EXERCISE INPUT
☆ ☆ ☆

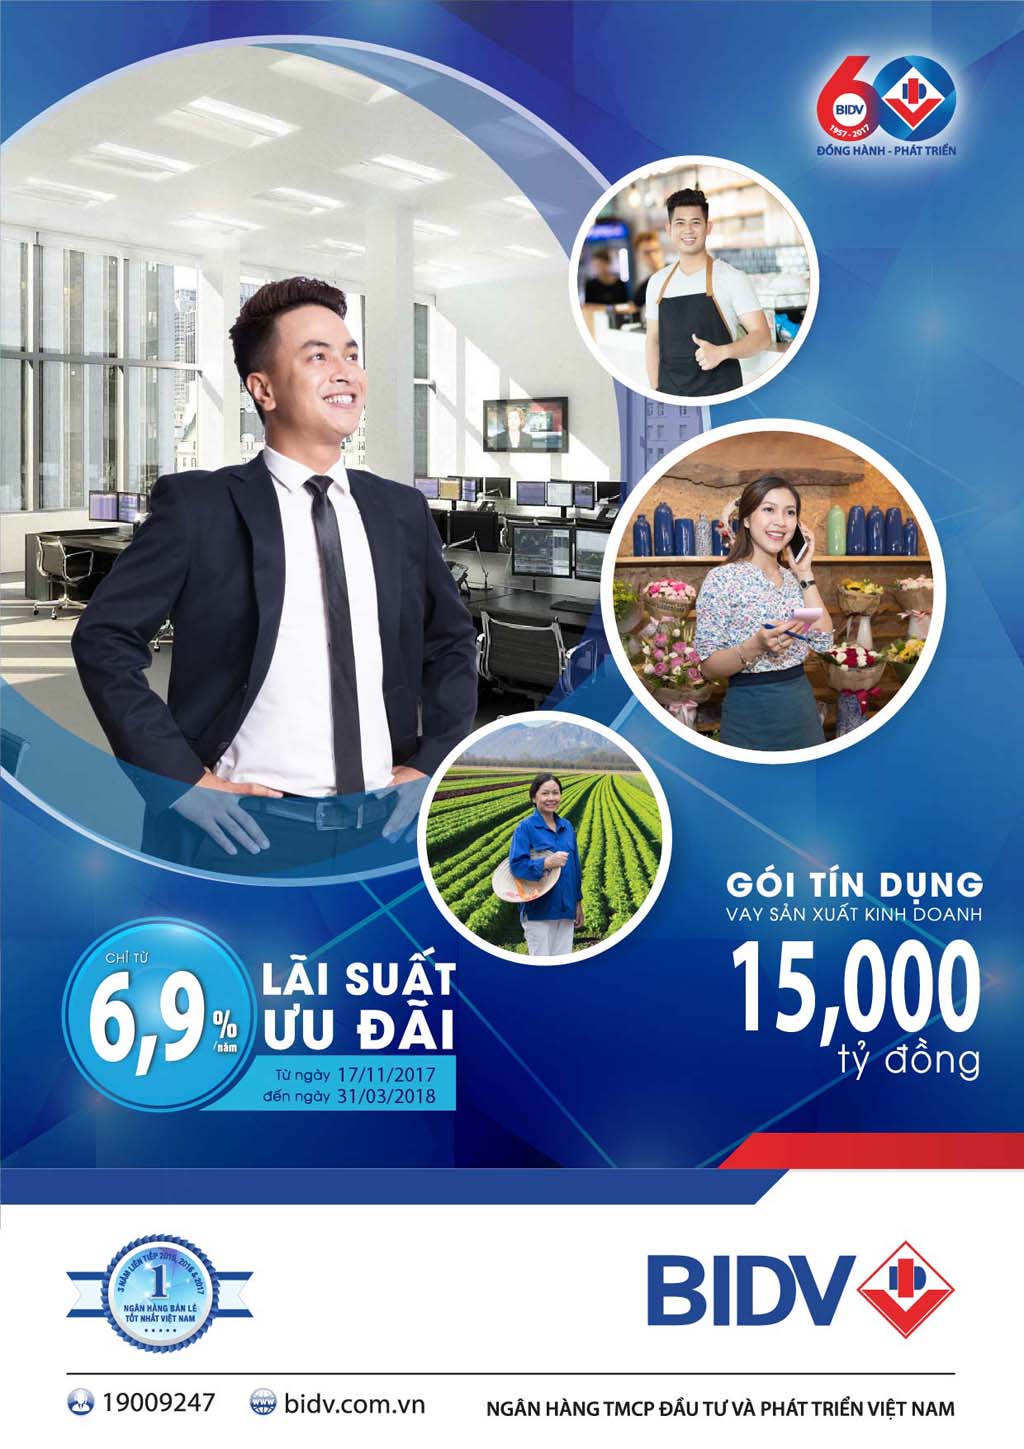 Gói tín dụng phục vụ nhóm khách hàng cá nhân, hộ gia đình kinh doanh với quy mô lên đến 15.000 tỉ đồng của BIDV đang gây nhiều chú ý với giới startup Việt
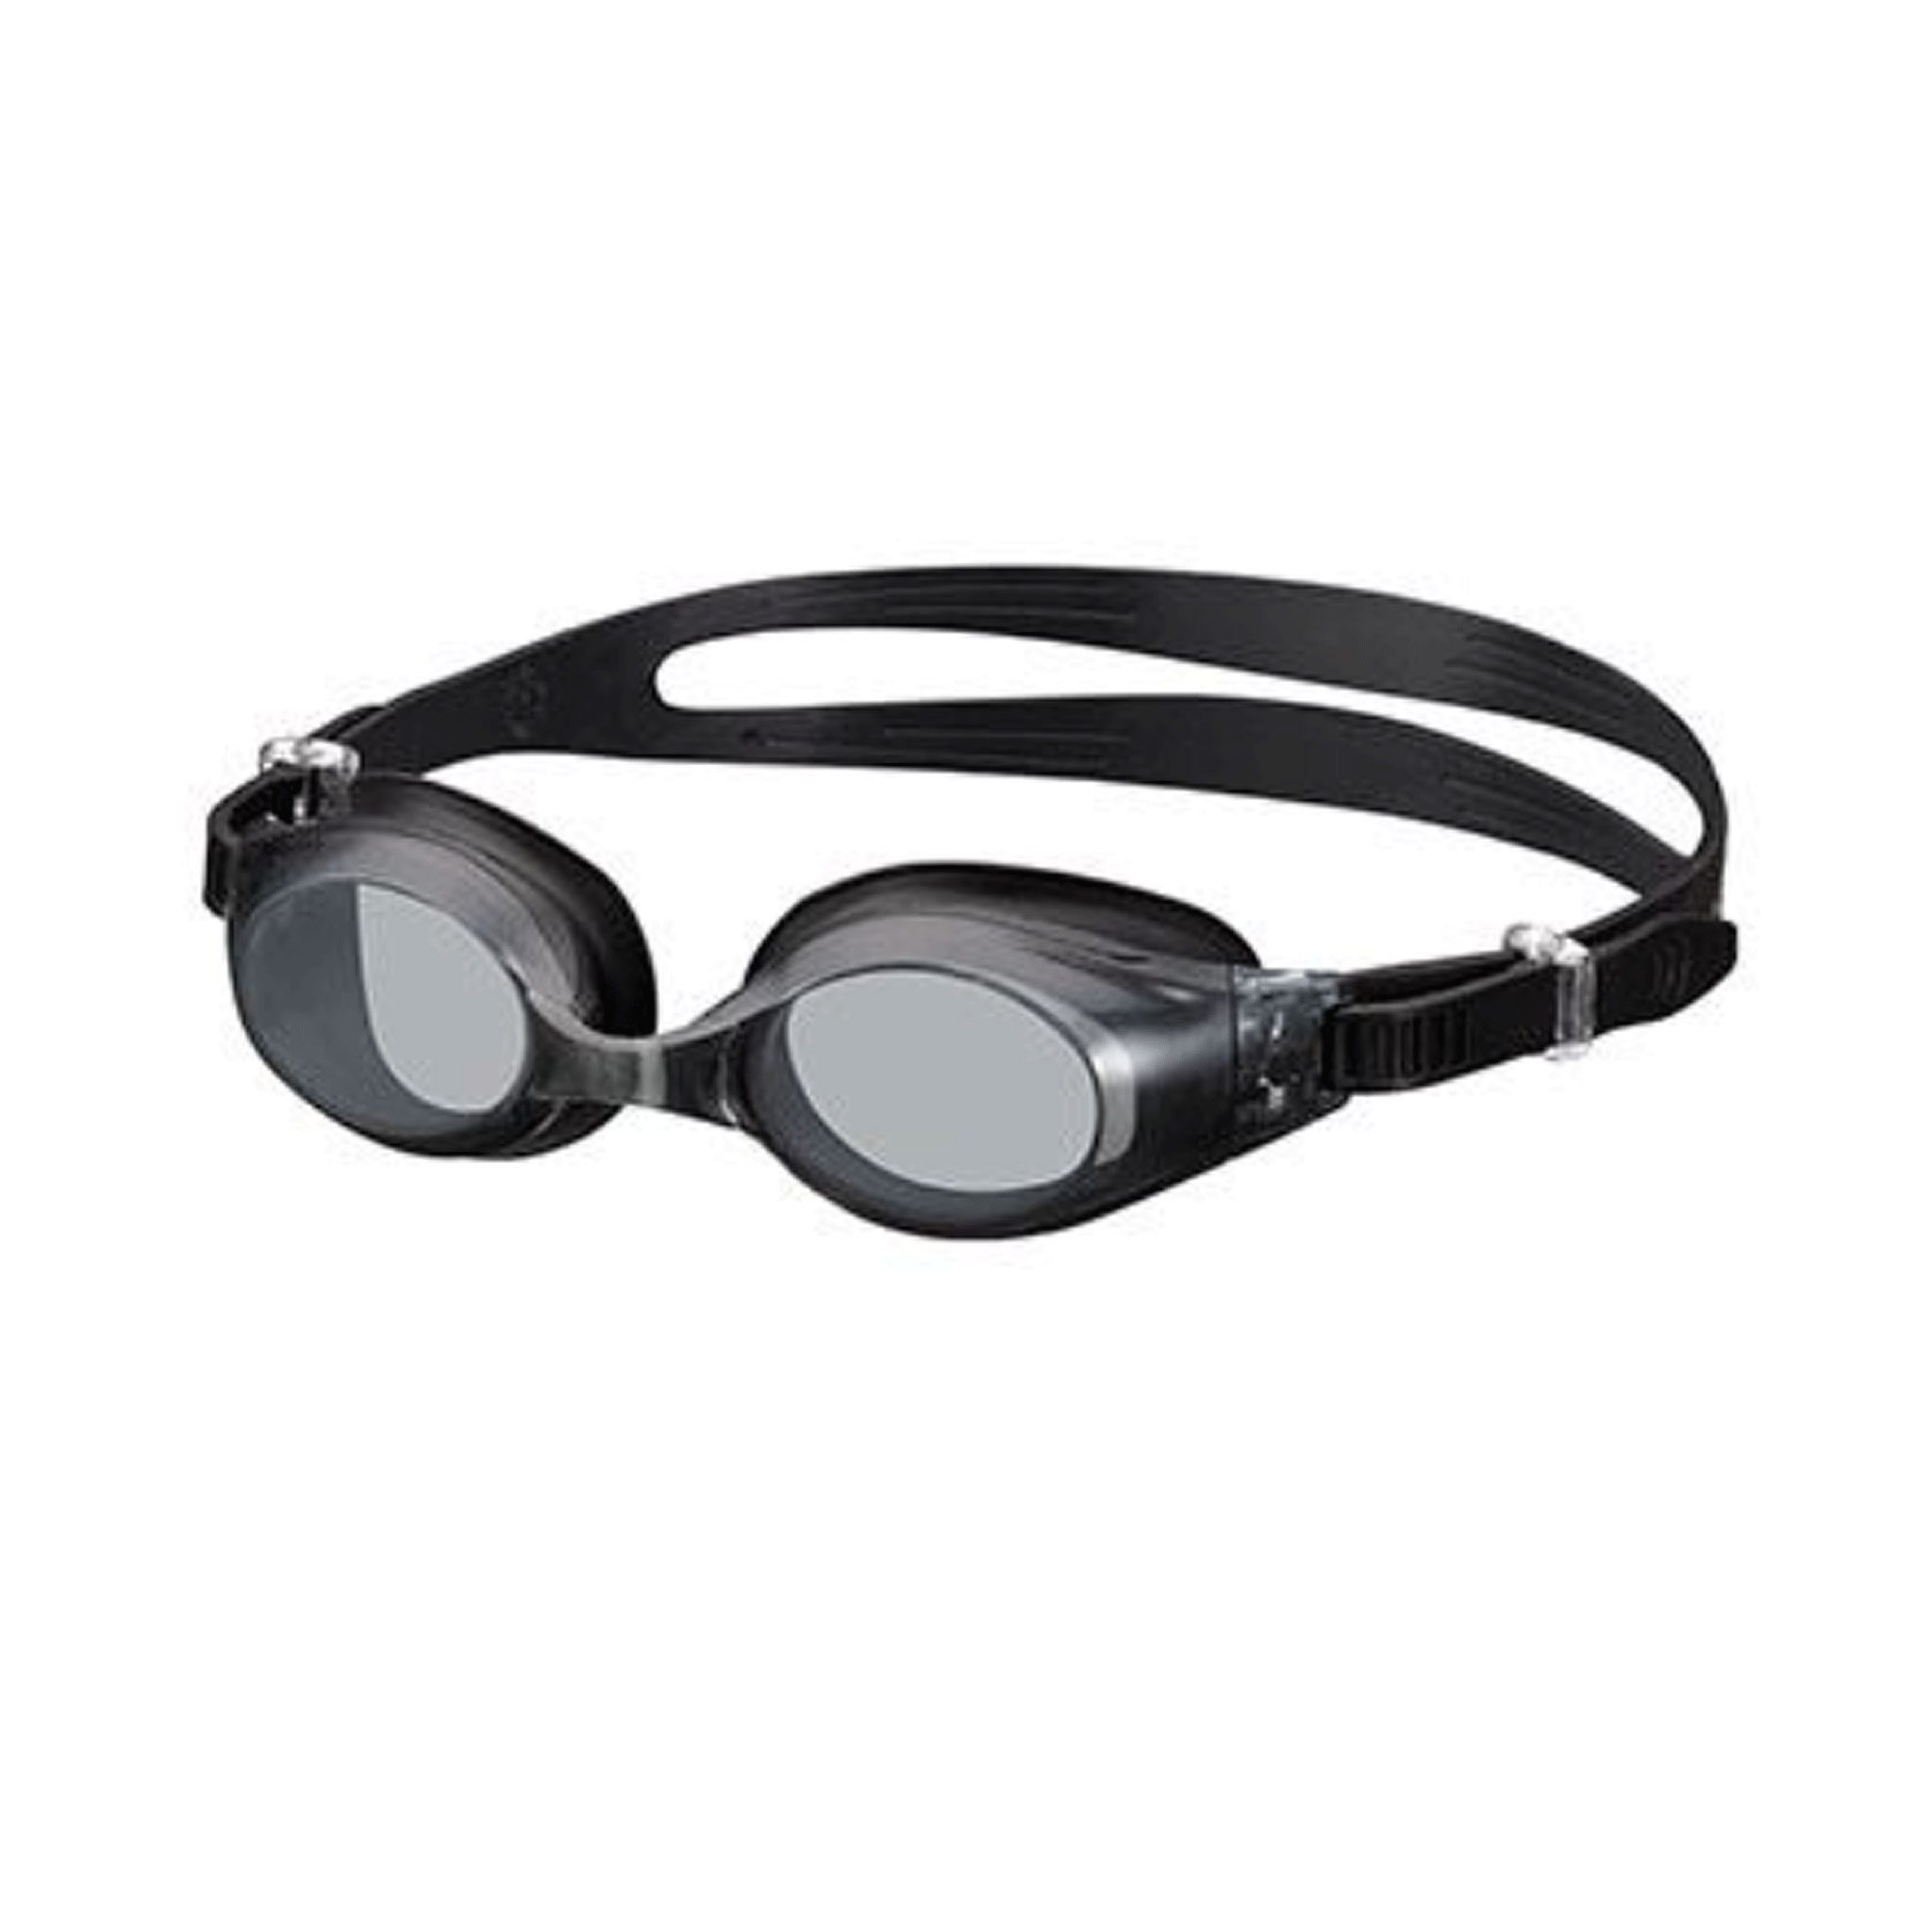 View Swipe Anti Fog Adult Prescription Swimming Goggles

☆ ☆ ☆

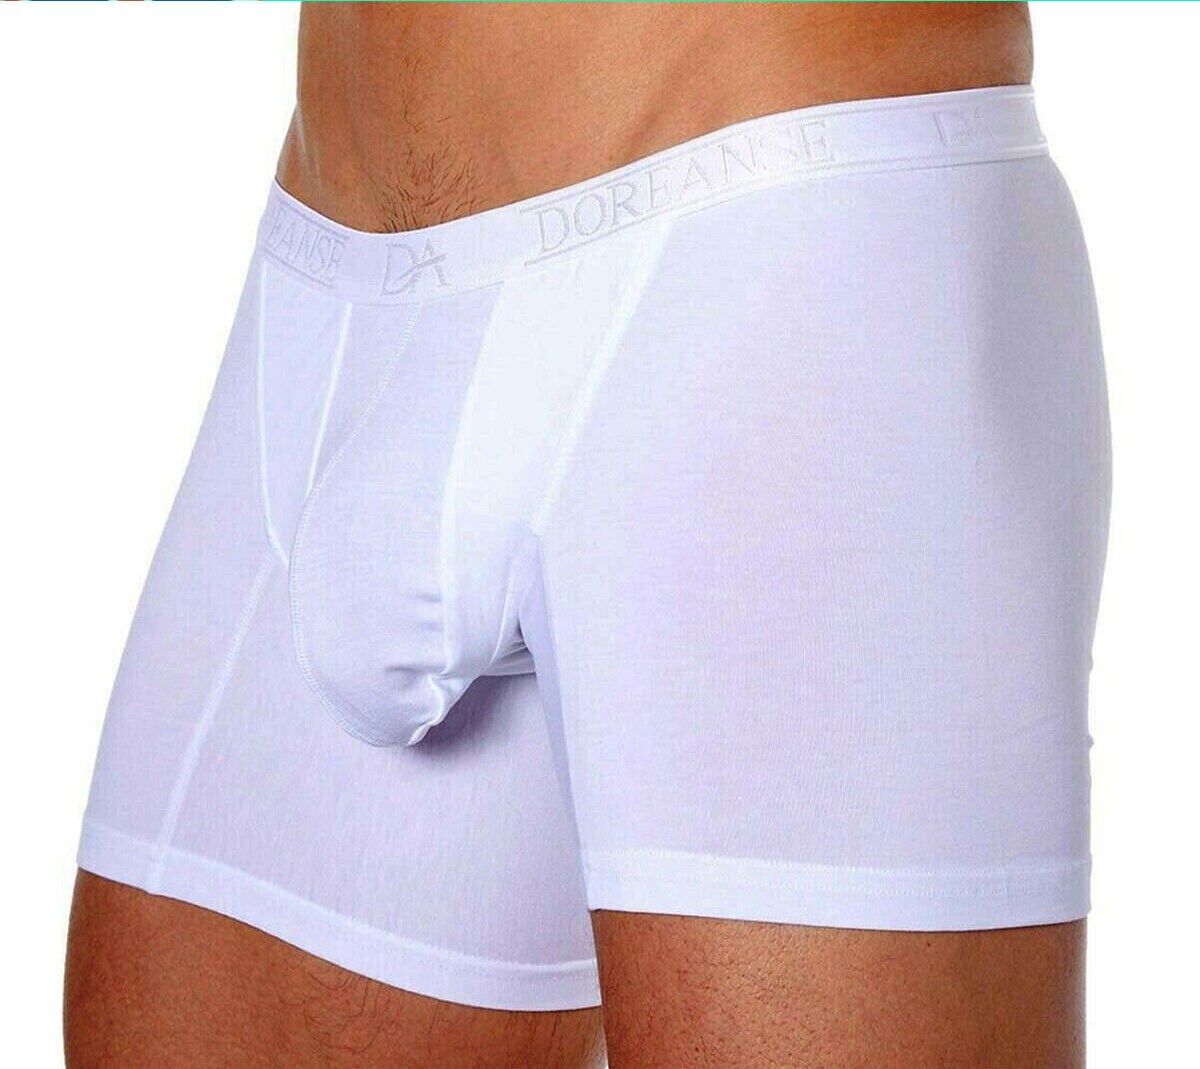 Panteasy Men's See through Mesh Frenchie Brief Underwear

☆ ☆ ☆

ACTIVITY
Using the entries above, transcribe exactly from the line that has "Gói tín dụng" through the line that has "View Swipe Anti". Pictures are dropped.

EXERCISE OUTPUT
 Gói tín dụng phục vụ nhóm khách hàng cá nhân, hộ gia đình kinh doanh với quy mô lên đến 15.000 tỉ đồng của BIDV đang gây nhiều chú ý với giới startup Việt
 View Swipe Anti Fog Adult Prescription Swimming Goggles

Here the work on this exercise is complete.